The required output is the exact text of the lines from the line containing "imagen del modelo" through the final line below, inclusive, without pictures.
(Data provided)
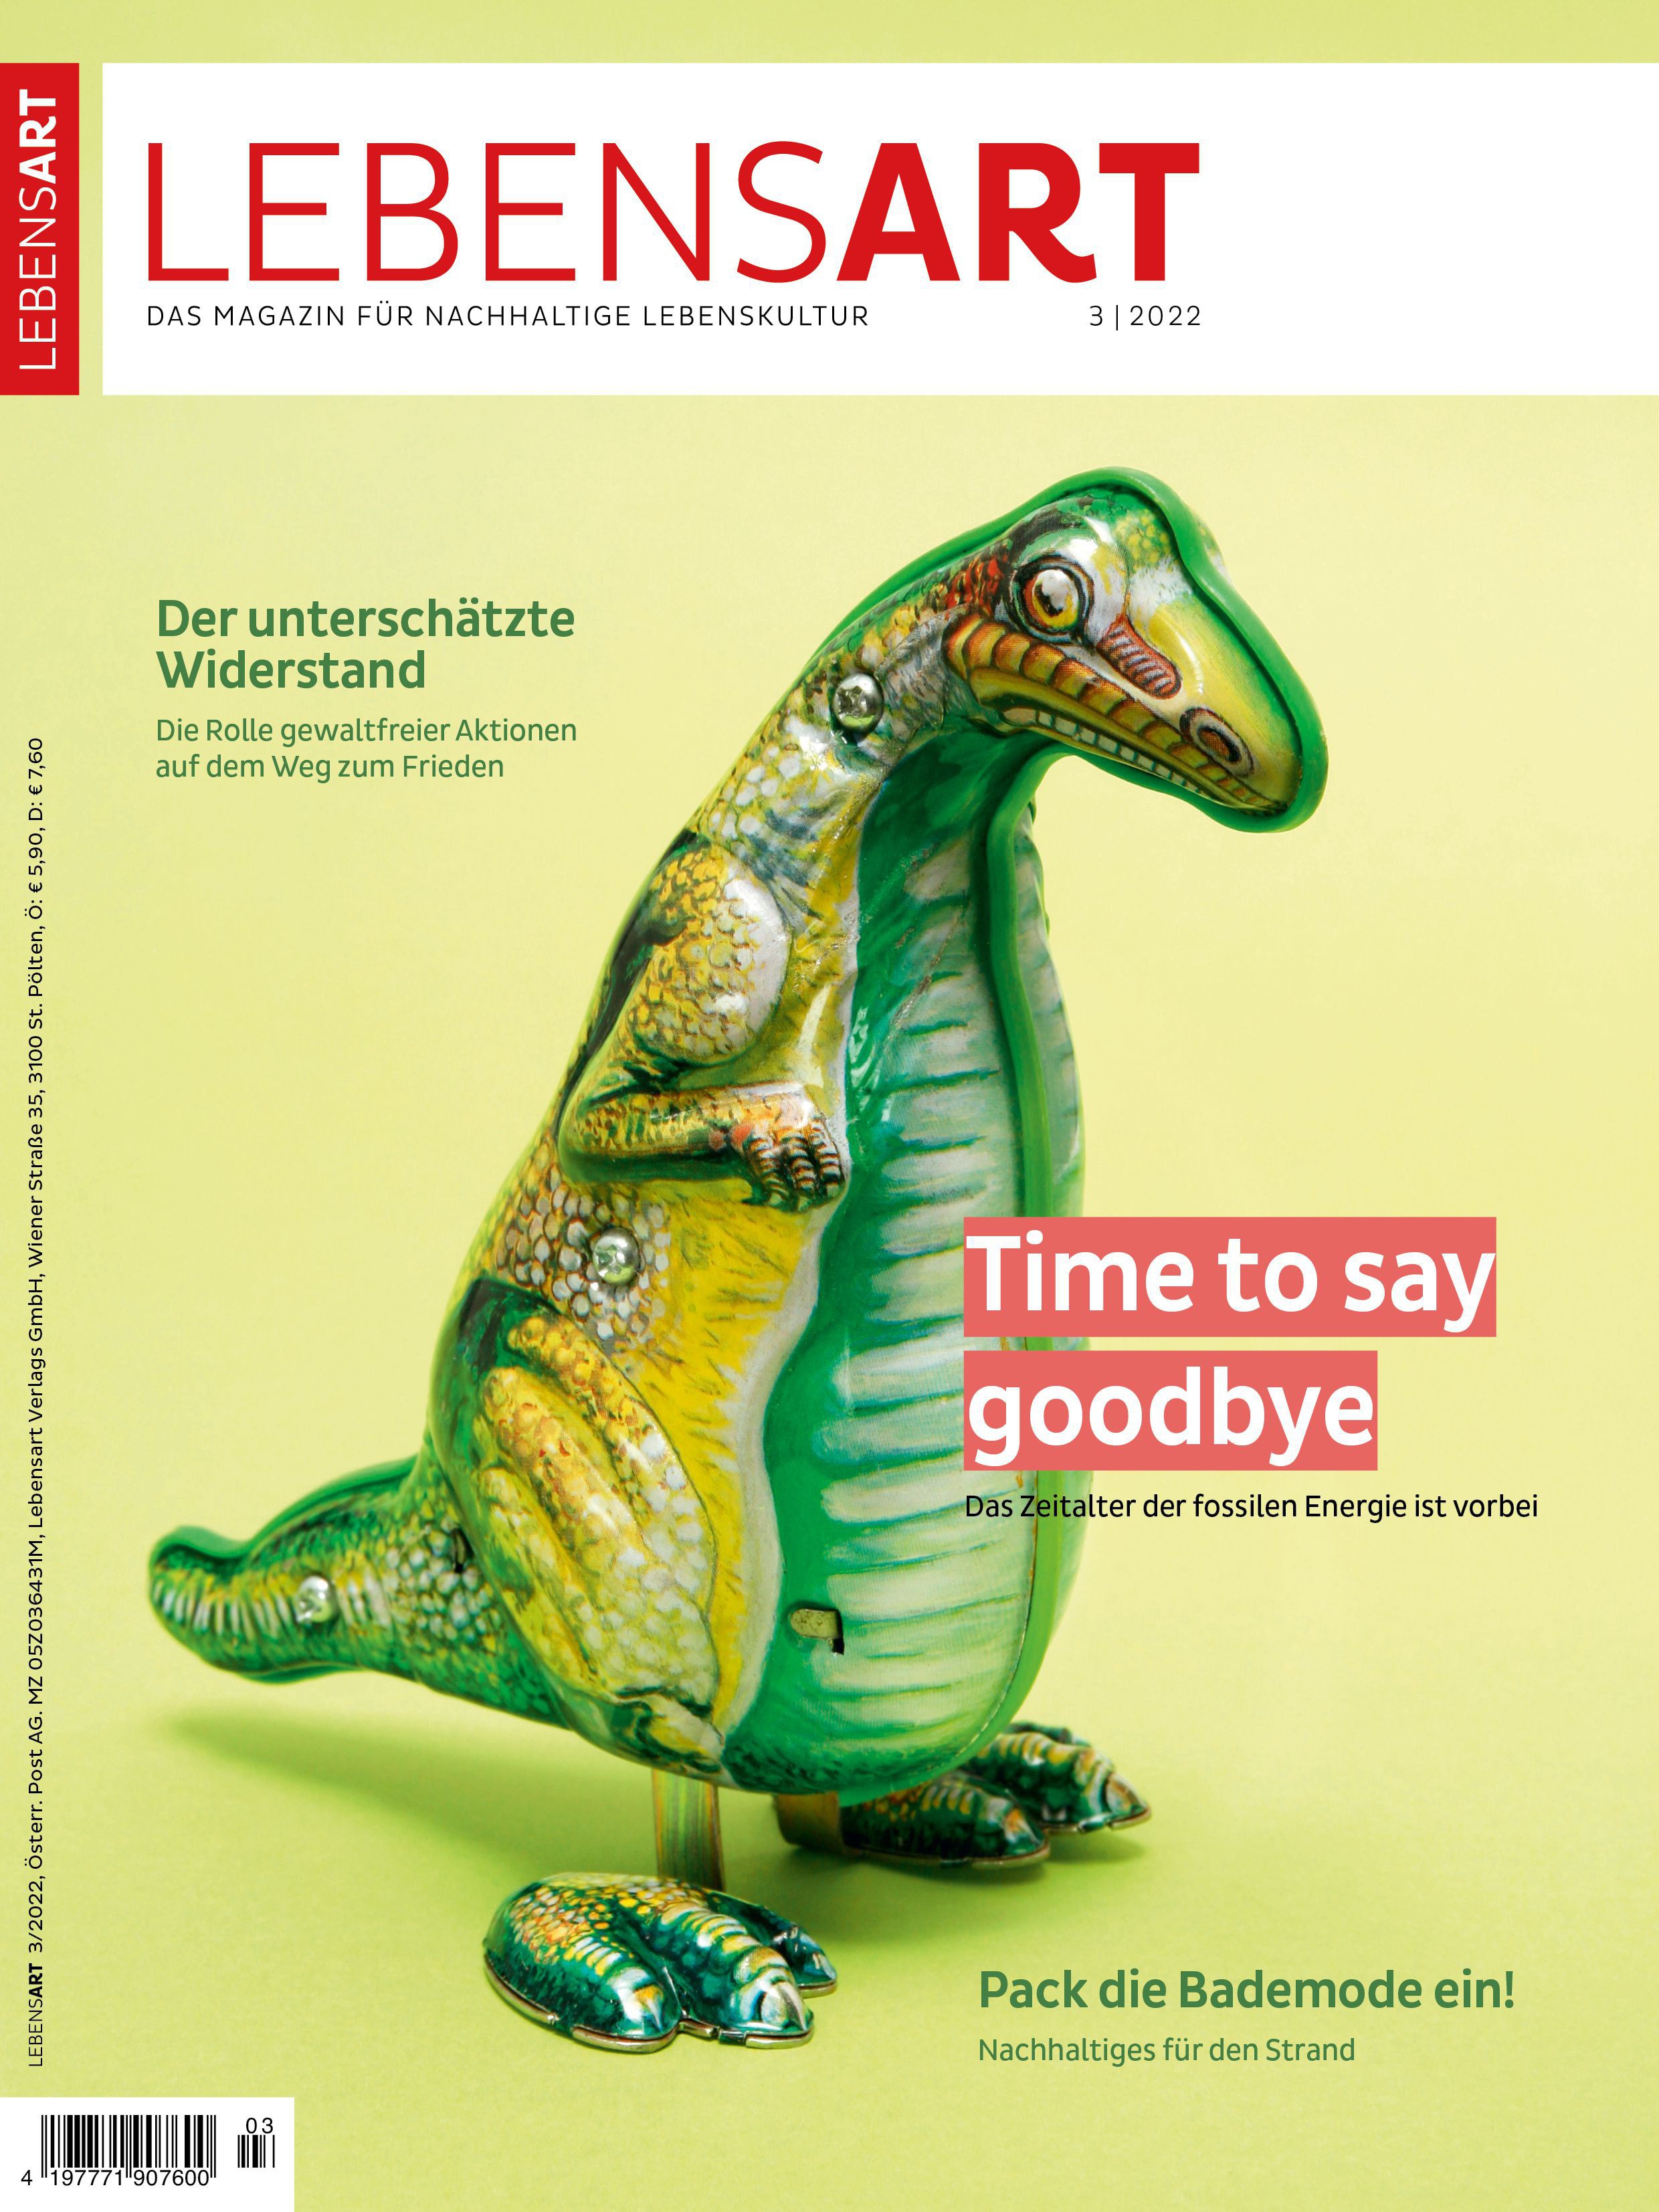 Auf dem Cover ist ein Blechdinosaurier vor hellgrünem Hintergrund zu sehen. Dabei steht: Time to say goodbye. Das Zeitalter der fossilen Energie ist vorbei.
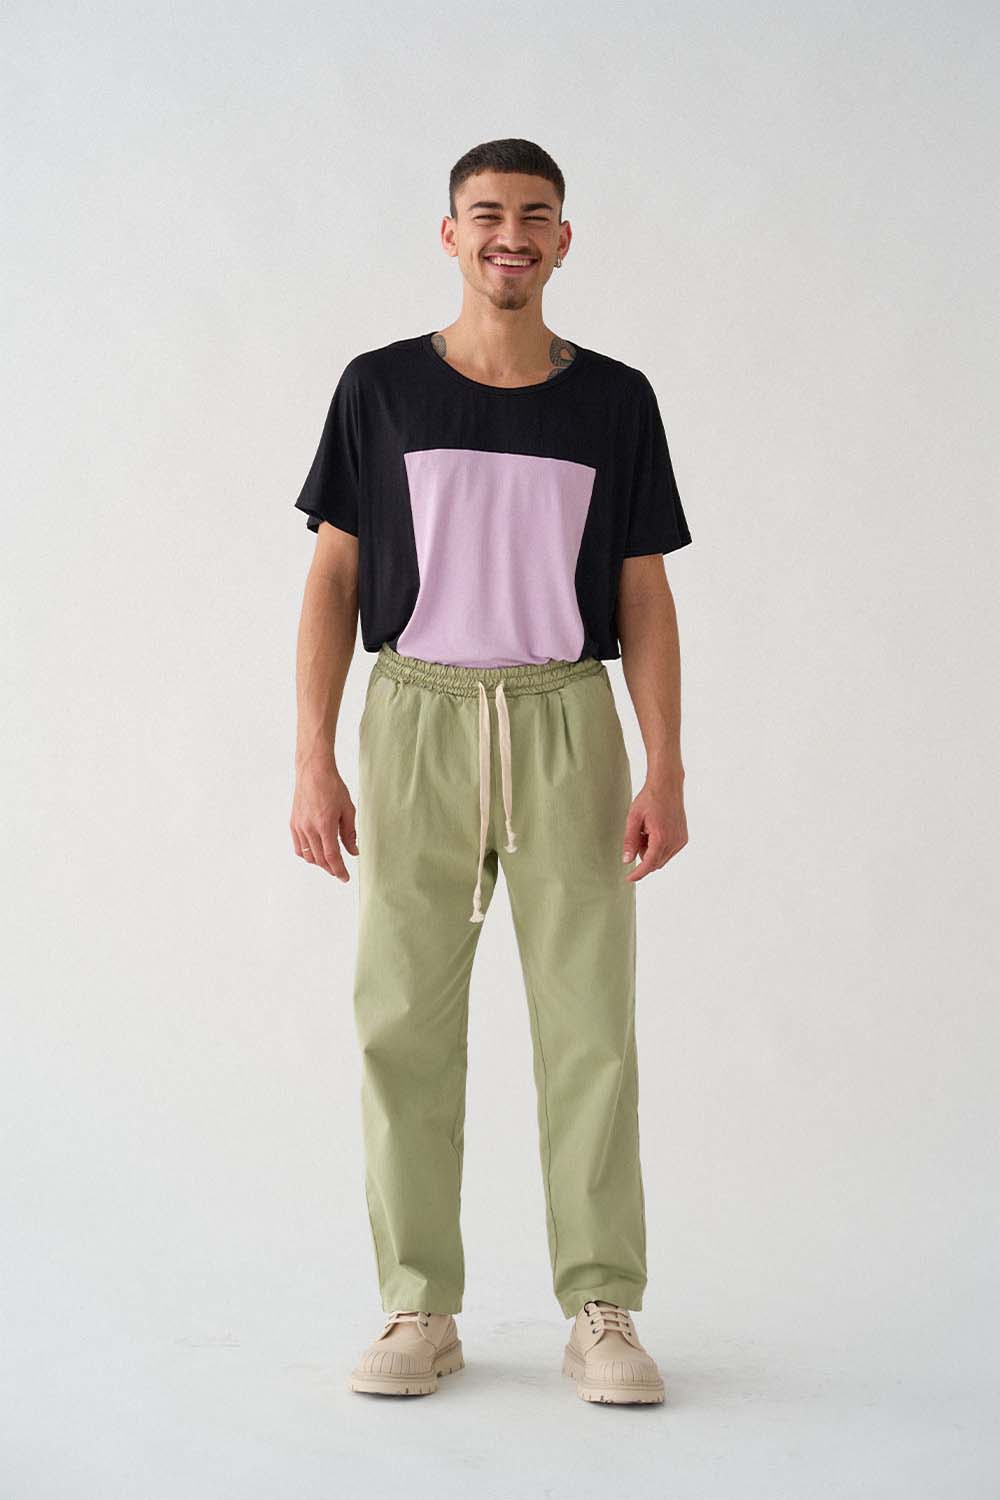 imagen del modelo con camiseta quadrilaterus negro y lila y pantalón worker verde
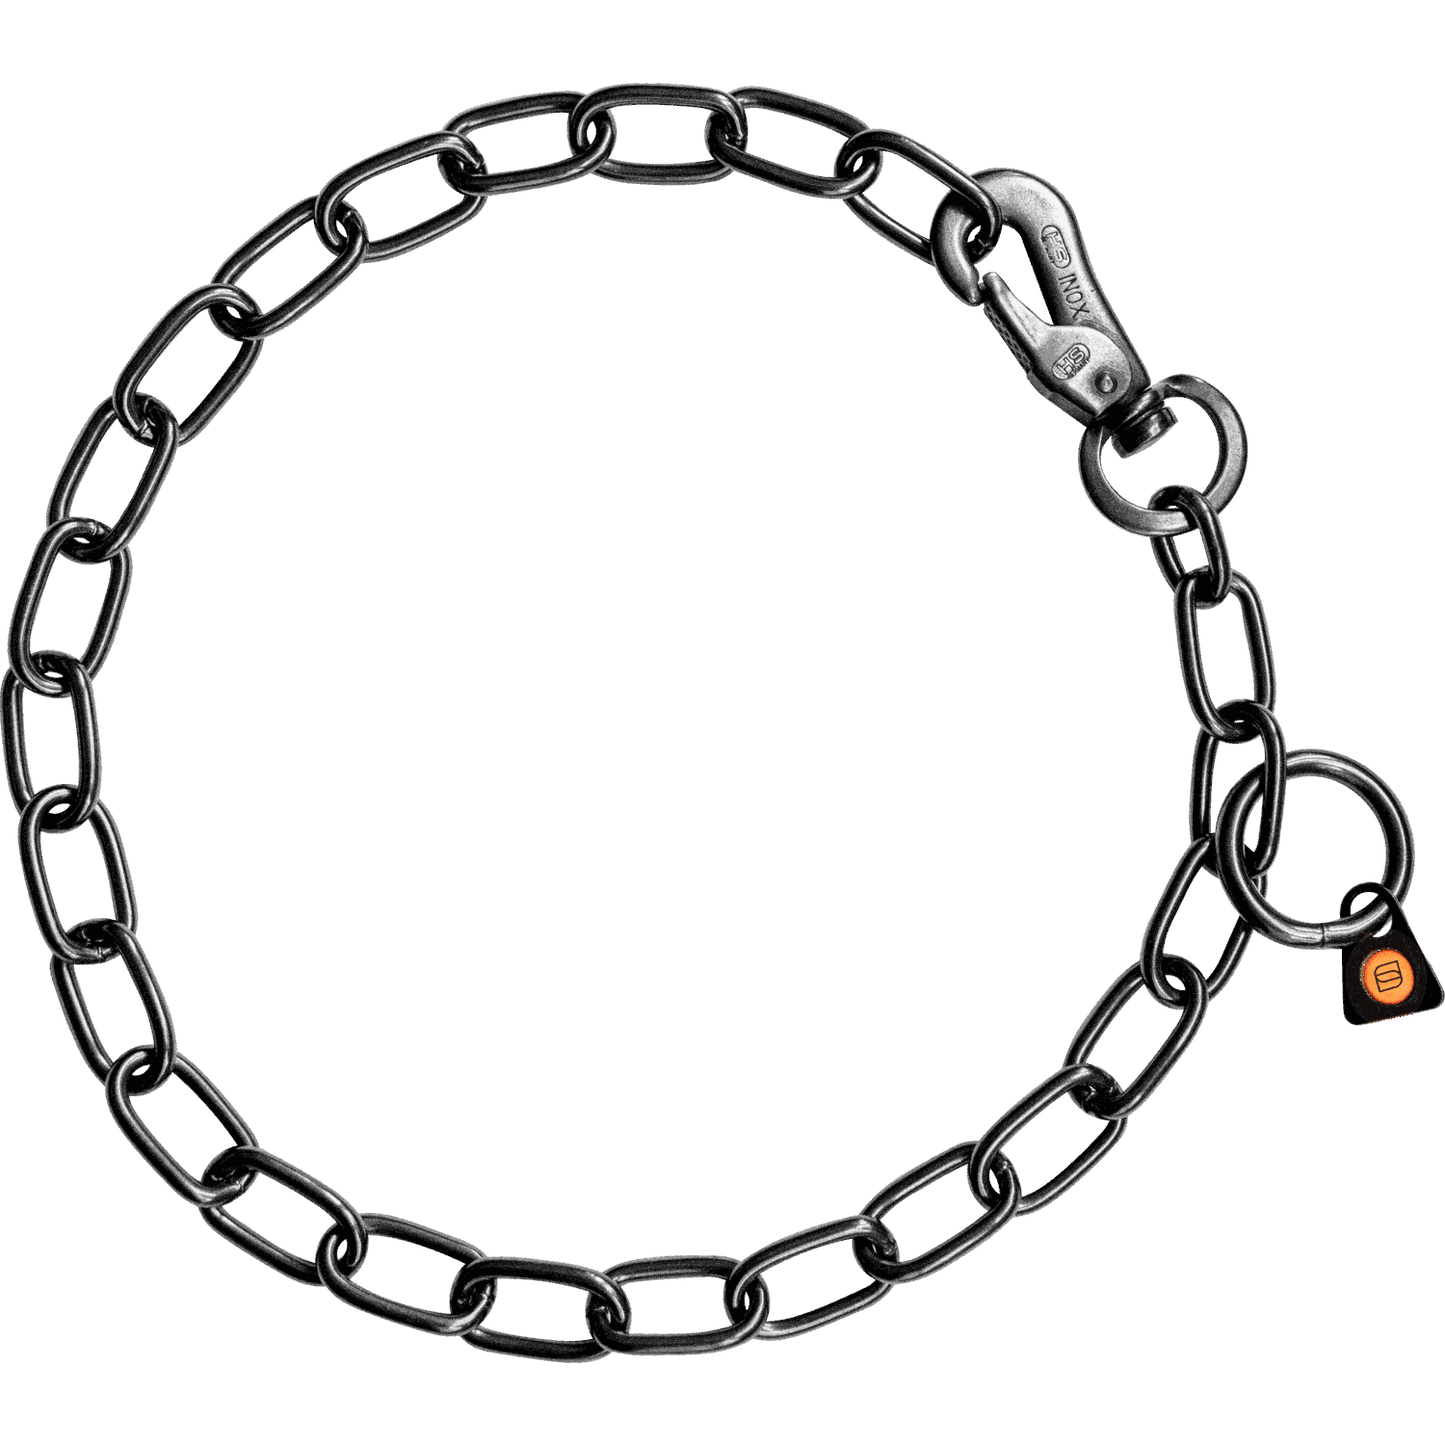 Herm Sprenger - Chain Collar with SPRENGER hook - Medium Links - Black Stainless Steel, 3mm
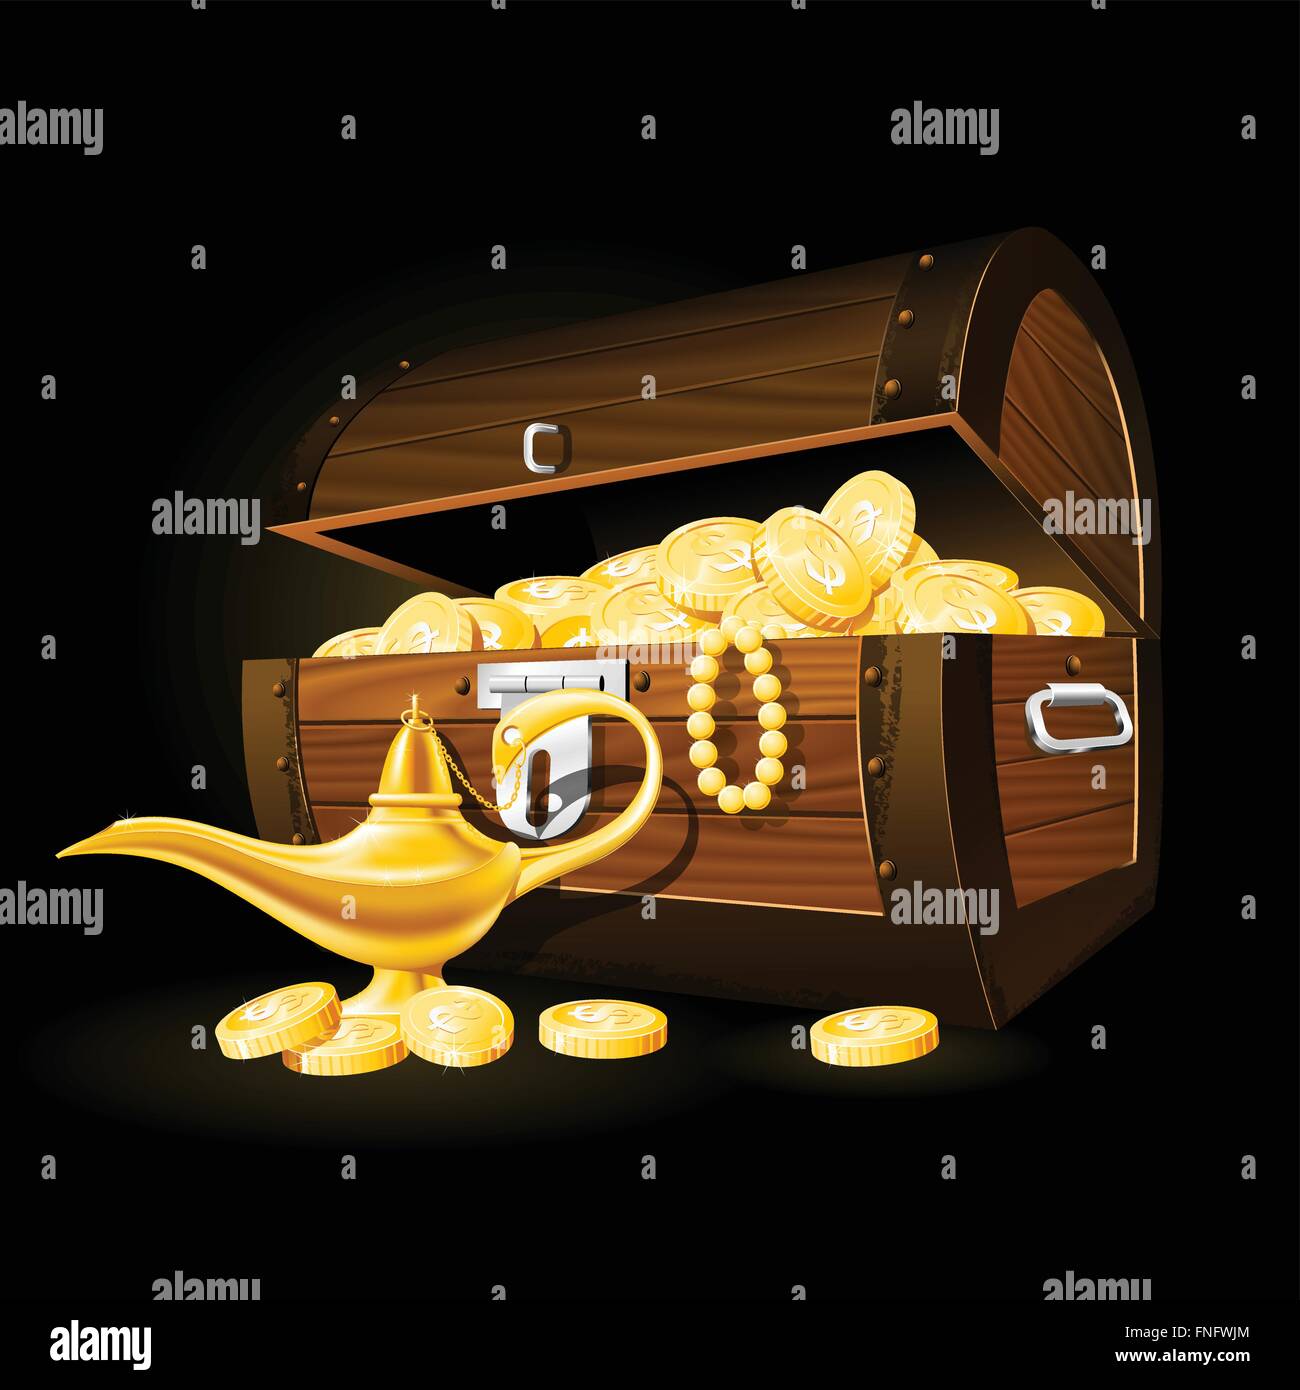 Schatztruhe von Münzen und Aladins Wunderlampe Stock Vektor
(End Data provided)
* Answer below
 imagen del modelo con camiseta quadrilaterus negro y lila y pantalón worker verde
 Herm Sprenger - Chain Collar with SPRENGER hook - Medium Links - Black Stainless Steel, 3mm
 Schatztruhe von Münzen und Aladins Wunderlampe Stock Vektor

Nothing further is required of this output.